無理ゲーな明晰夢の実験
ある研究機関の実験が紹介された記事を読んで、すぐに無理ゲーだと思った。明晰夢に関する研究なんだけれど、根本的な理解が欠如している。
寝ている人とコミュニケーションを取るための「言語」が開発されている
この研究機関が意図したのは、寝ている人とコミュニケーションを取ること。そこで注目したのが、夢を見ていることに気づいている明晰夢。
明晰夢を見ることができる人に、顔の筋肉を動かす練習をしてもらう。それで情報を3文字以下の単語で転送することができるようにトレーニングする。そして実際に明晰夢を見てもらって、研究者に情報を送ってもらおうという実験。
意図としては面白い。体験している夢の世界をリアルに報告できたら素晴らしいと思う。だけど結果として失敗している。精度が圧倒的に低い。その理由として、この研究機関は「人々が顔の筋肉を1つだけ使うのは難しいということです。人は意図せず複数の筋肉を緊張させてしまい、筋電図センサーがすべて検出してしまうのです」と述べている。
確かにそうかもしれない。だけど最初に書いたように、明晰夢という現象に対して理解が不足していると思う。この実験の何が無理ゲーなのか。数えきれないほど明晰夢を体験しているボクの意見を述べよう。

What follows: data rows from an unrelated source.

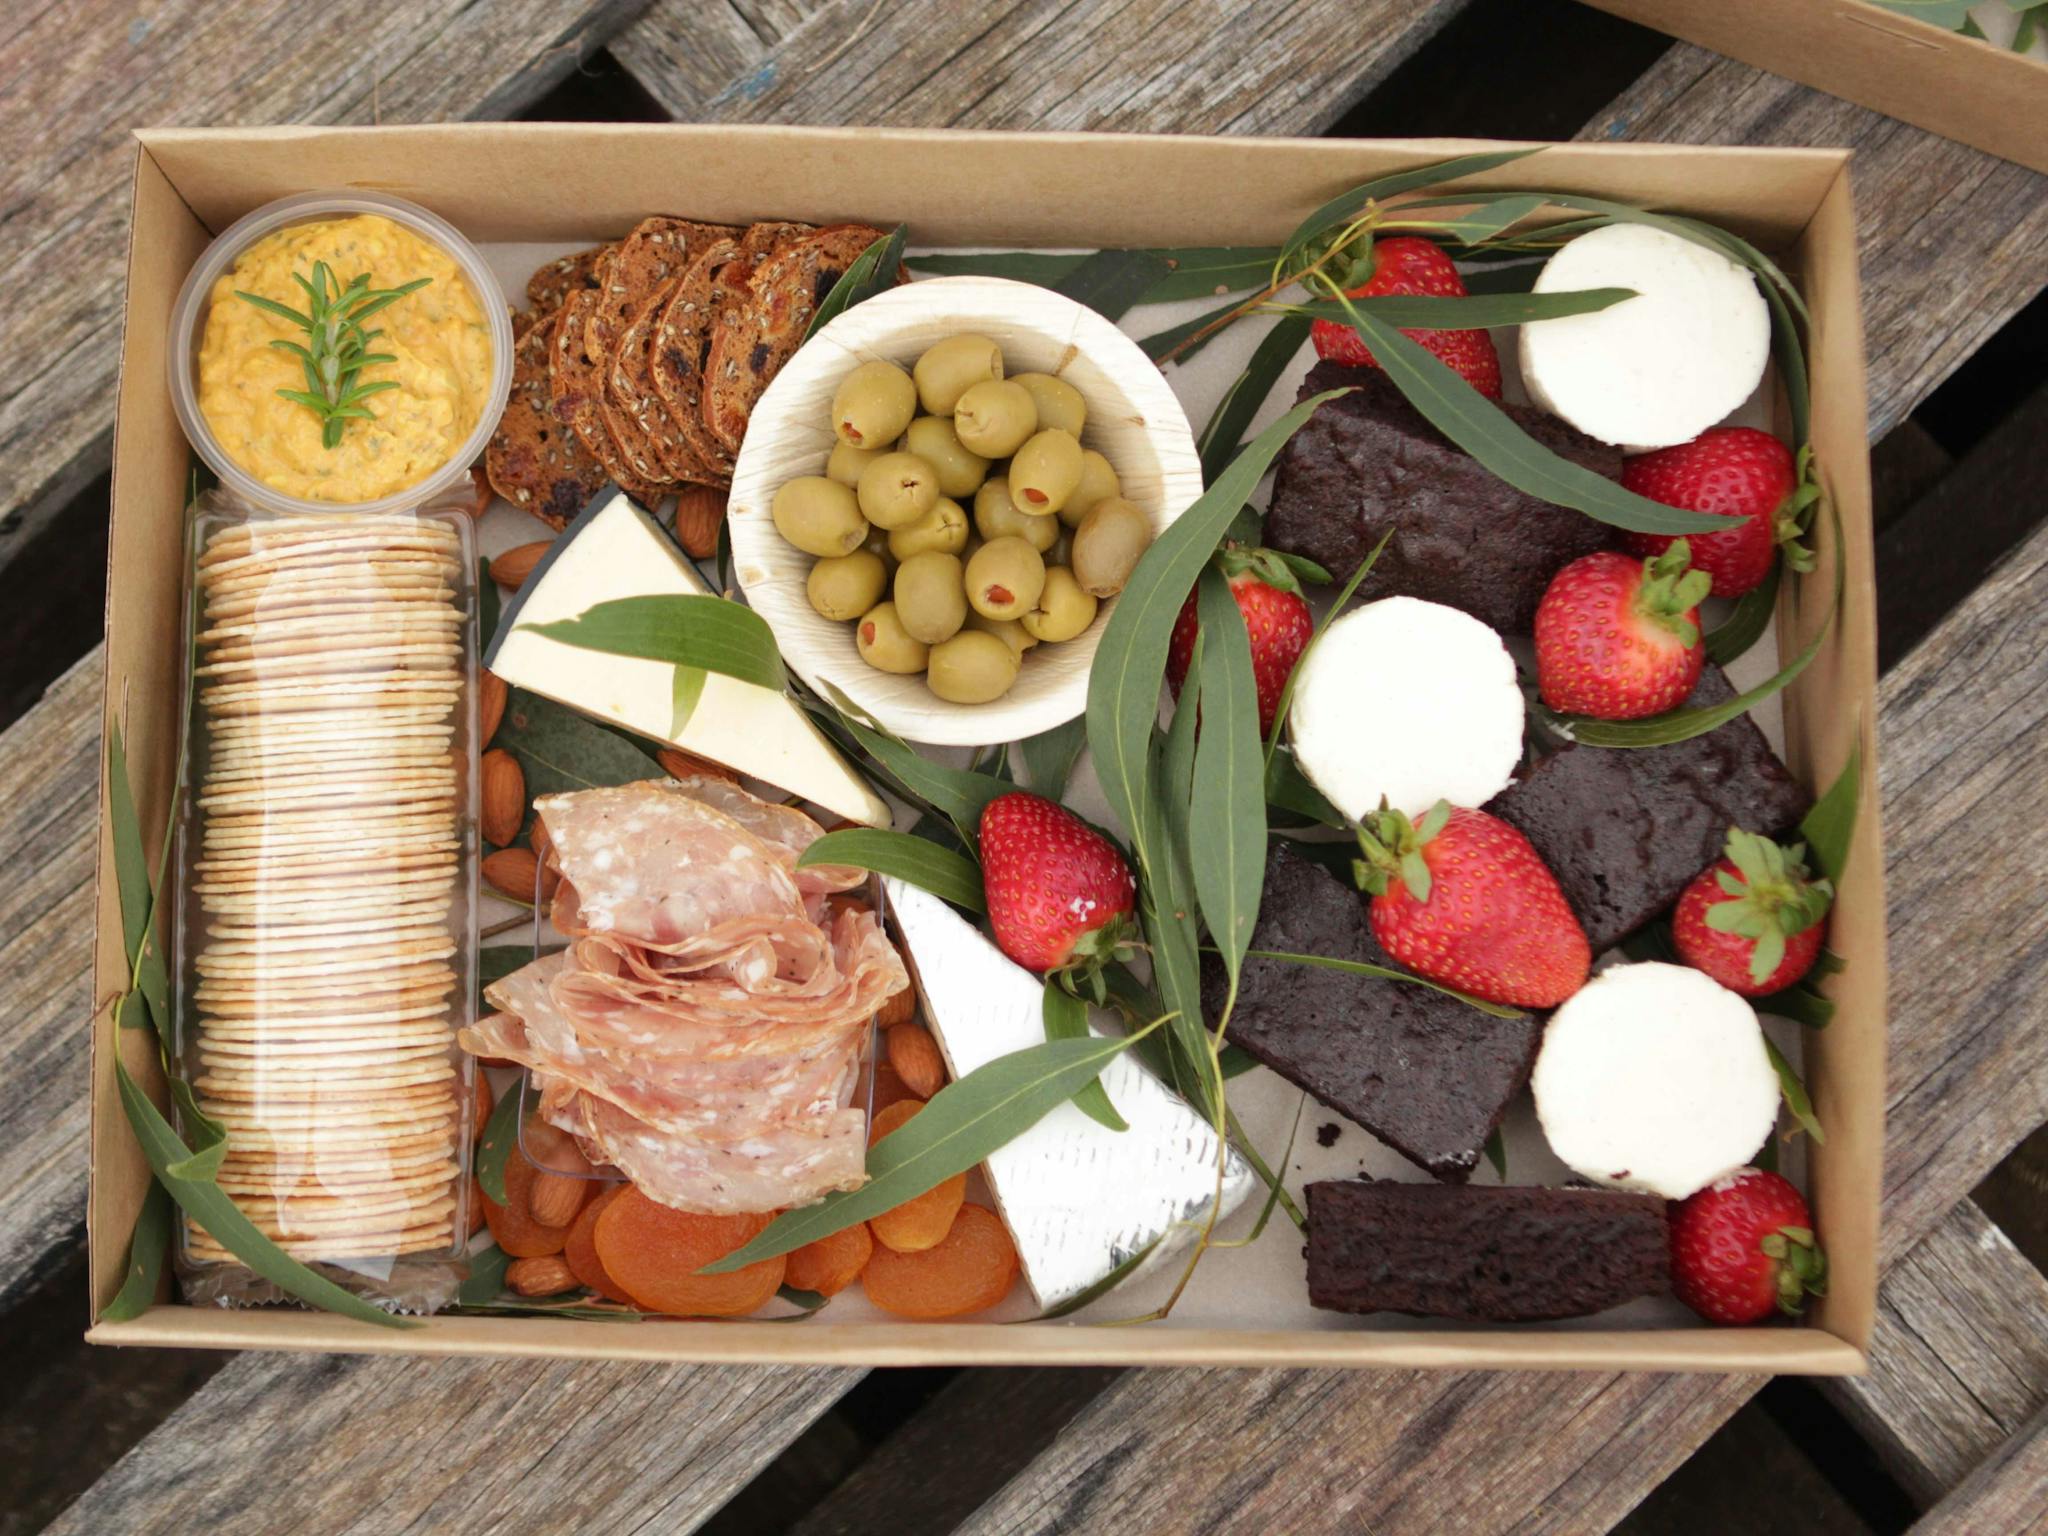 A platter box with sweet and savoury foods
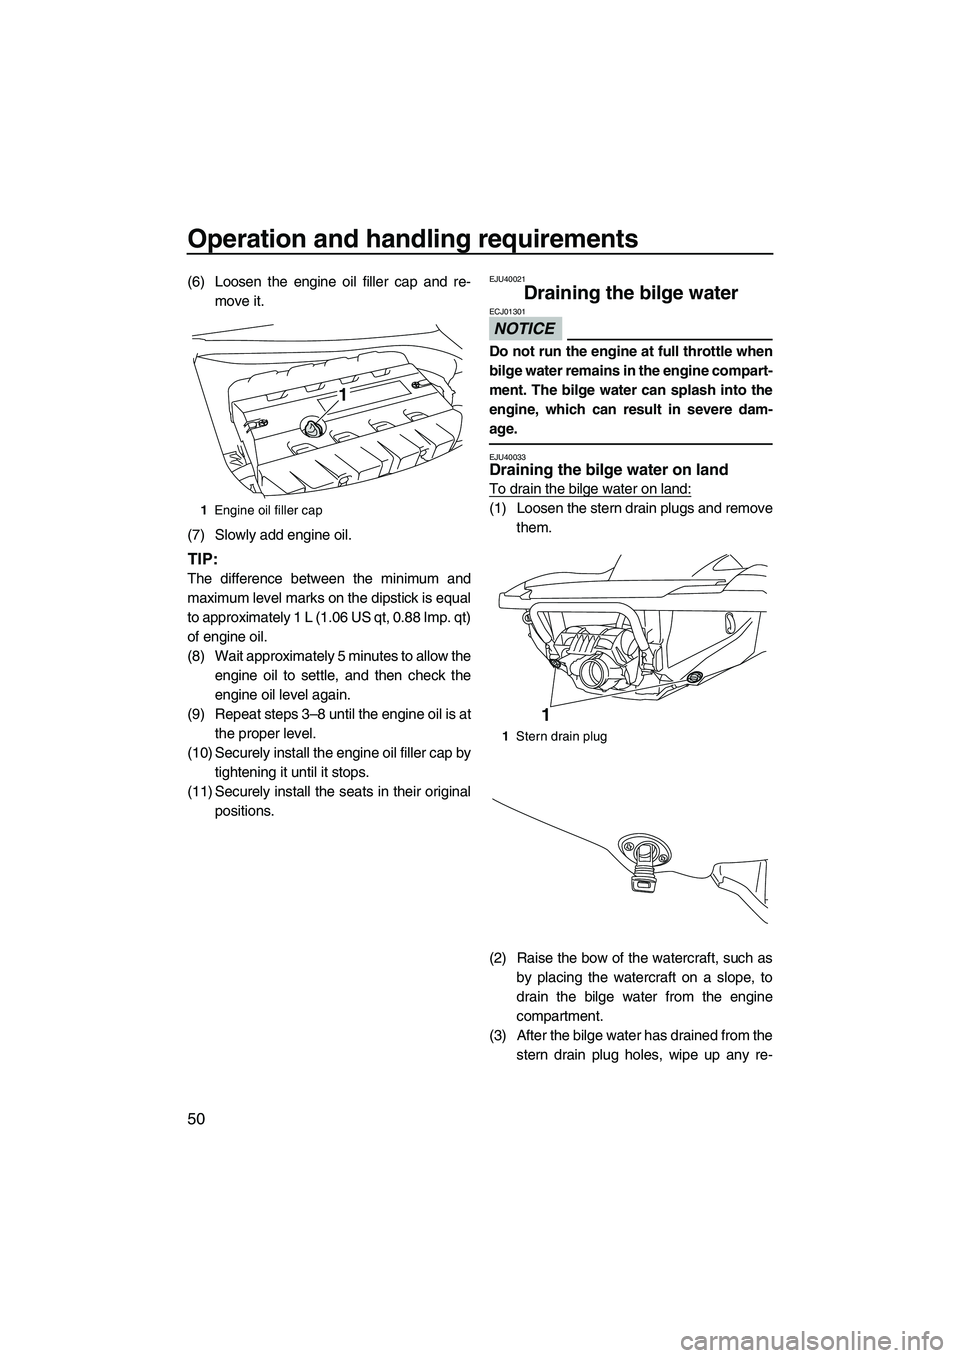 YAMAHA FZR 2013  Owners Manual Operation and handling requirements
50
(6) Loosen the engine oil filler cap and re-move it.
(7) Slowly add engine oil.
TIP:
The difference between the minimum and
maximum level marks on the dipstick i

明晰夢を見ているとき人間の意識は、肉体との共鳴が一時的にミュートされている。あまり詳しく書くと本を1冊書かないといけないので、簡単に説明しよう。人間の肉体は物理的にはひとつに見える。だけど実際は複数の肉体がレイヤー状になっている。それぞれの肉体の振動数が違うので、他の肉体からは知覚できないだけ。
明晰夢を見ている人は「自意識」が肉体との共鳴を解除して、別の振動数の肉体と共鳴している。物理事件に影響されない肉体と共鳴しているから、空を飛んだり、壁を抜けたり、見ている世界を変えることができる。映画の『インセプション』の世界観と同じ。
つまり使用している肉体が物理次元のものではないので、動かそうとしても思うように動かせない。それでも強靭な精神力で顔の筋肉を動かしたとしよう。するとどうなるか?
『明晰夢から覚めてしまう』
無理やりに物理次元の肉体を動かすことで、他のレイヤーと共鳴していた「自意識」が肉体との共鳴を復活させてしまう。そもそも日常的に繋がっている肉体なので、きっかけがあればすぐに戻ってしまう。明晰夢を見ている最中に興奮すると、肉体からアドレナリンが出る。それだけでも夢から覚めてしまう。
だから夢を見ている人が、リアルタイムで起きている人にコミュニケーションを取るのは難しい。不可能ではないけれど、高度なスキルとトレーニングが必要だと思う。つまり無理ゲーだということだね。